©Carole Tyrrell
On another recent return visit to Beckenham cemetery in order to research symbols I discovered some more mosaics on memorials. They were mainly small colourful crosses, either at the corners of a memorial or, in the case of one larger cross, the centrepiece of the epitaph.
This is the simple but moving Denson memorial. It’s dedicated to Gladys Winifred and baby Mary who were ‘the well beloved wife and daughter of Percy Clifford Denson. The scarlet cross really stood out amid the other plainer granite tombstones. The verses that surround the cross read:
There is no death an angel shape
Walks over the earth with silent tread
He bears our best love thins away
And then we call them dead.
Born into that undying life
Thy leave us but to come again
And ever near us though unseen
The dear immortal spirits tread
For all the boundless universe is life
There is no dead’
This has been adapted from the well know 19th century poem ‘There is no Death’ by John Luckey McCreery (1835-1906) although it has been mistakenly credited to Sir Edward Bulwer-Lytton. It was written in 1863 and, in 1893, McCreery wrote to an Iowa newspaper to remind readers that it was his work.
This is the poem in full with the relevant quotations from the Denson epitaph marked in bold:
There is no death! The stars go down
To rise upon some other shore
And bright in heaven’s jewelled crown
They shine for evermore
There is no death! The dust we tread
Shall change beneath the summer showers
To golden grain or mellow fruit
Or rainbow-tinted flowers
The granite rocks disorganise
To feed the hungry moss they bear:
The forest leaves drink daily life
From out the viewless air.
There is no death! The leaves may fall,
And flowers may fade and pass away –
They only wait, through wintry hours,
The coming of the May.
There is no death!

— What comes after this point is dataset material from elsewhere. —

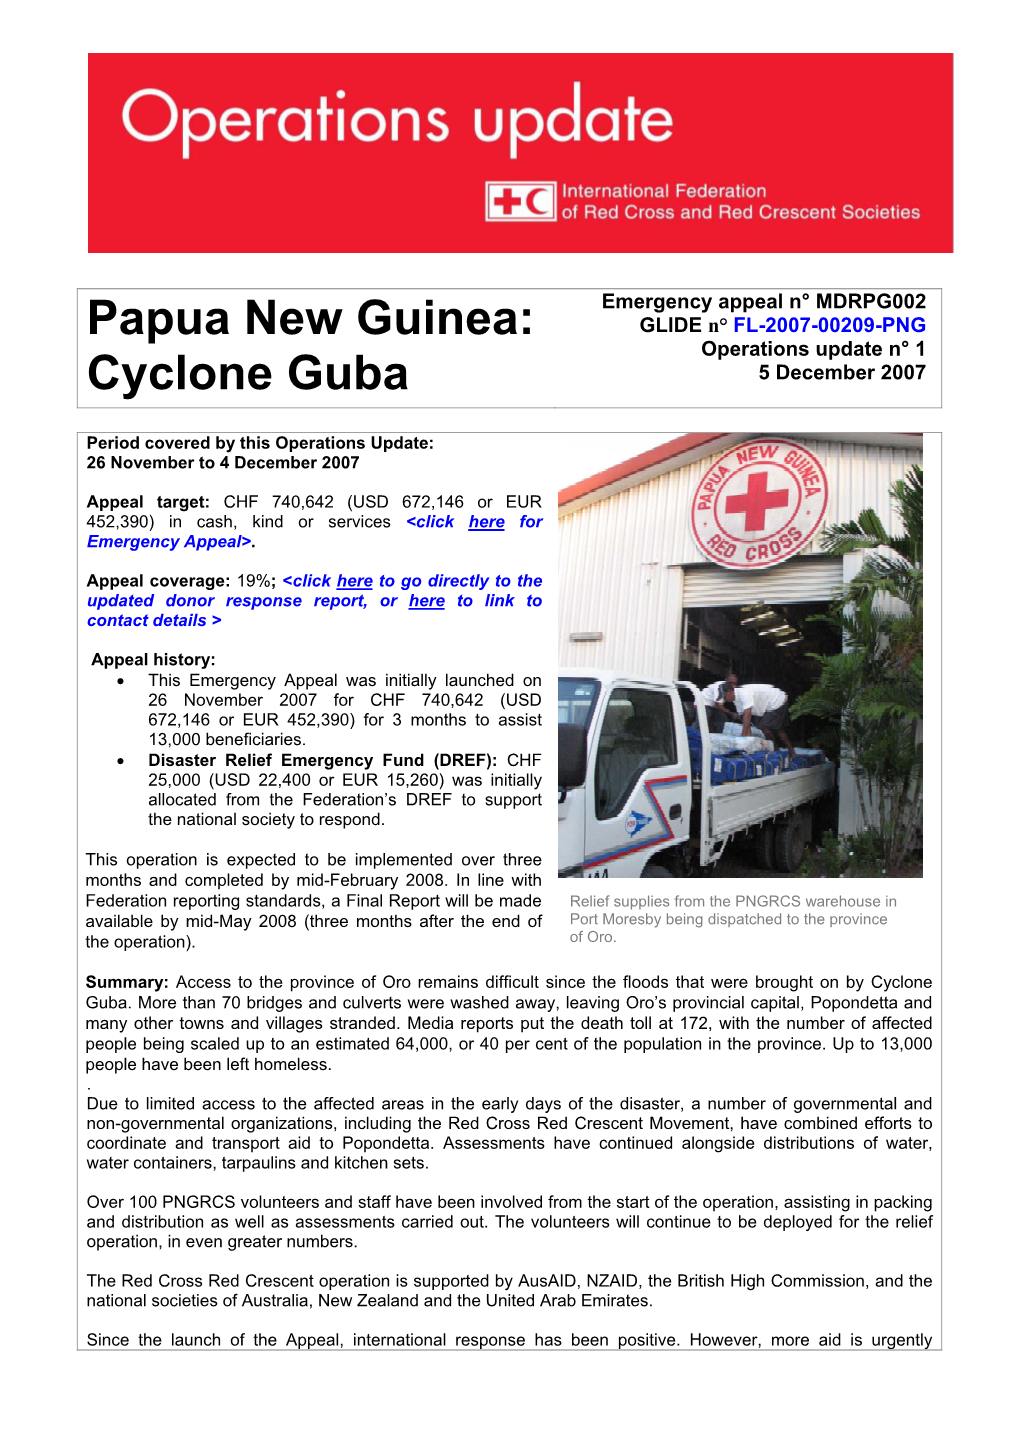 Papua New Guinea: Cyclone Guba; Operations Update No

An angel form
Walks o’er the earth with silent tread
He bears our best-loved things away,
And then we call them “dead”.
He leaves our hearts all desolate –
He plucks our fairest, sweetest flowers,
Transplanted into bliss, they now
Adorn immortal bowers.
The bird-like voice, whose joyous tones
Made glad this scene of sin and strife,
Sings now an everlasting song
Amid the tree of life.
Where’er He sees a smile too bright,
Or soul too pure for taint of vice,
He bears it to that world of light,
To dwell in Paradise.
Born unto that undying life,
They leave us but to come again:
With joy we welcome them –the same
Except in sin and pain.
And ever near us, though unseen,
The dear immortal sprits tread,
For all the boundless universe
Is Life –there is no dead!
This is one of a pair of gold crosses that are on either side of Harold Chenowith’s (1898-1934) tombstone.
And more golden crosses on each of the corners of Ada Gregory’s monument. She died in February 1939 but her husband, Thomas, who was killed in action in November 1917 is also commemorated here. As the final line of the epitaph states ‘ Reunited.’

©Carole Tyrrell
Finally, this is a vase which has been incorporated into the headstone of Margery Alice, ‘beloved wife of Frank Thompson, who ‘passed peacefully away on 6 October 1934 aged 39.’

©Carole Tyrrell
These mosaics decorations all seem to date from the 1930’s and so are pre-Second World War. So far I have been unable to discover the reason behind the vogue for this embellishment and so I will continue to look for them whenever I visit a cemetery.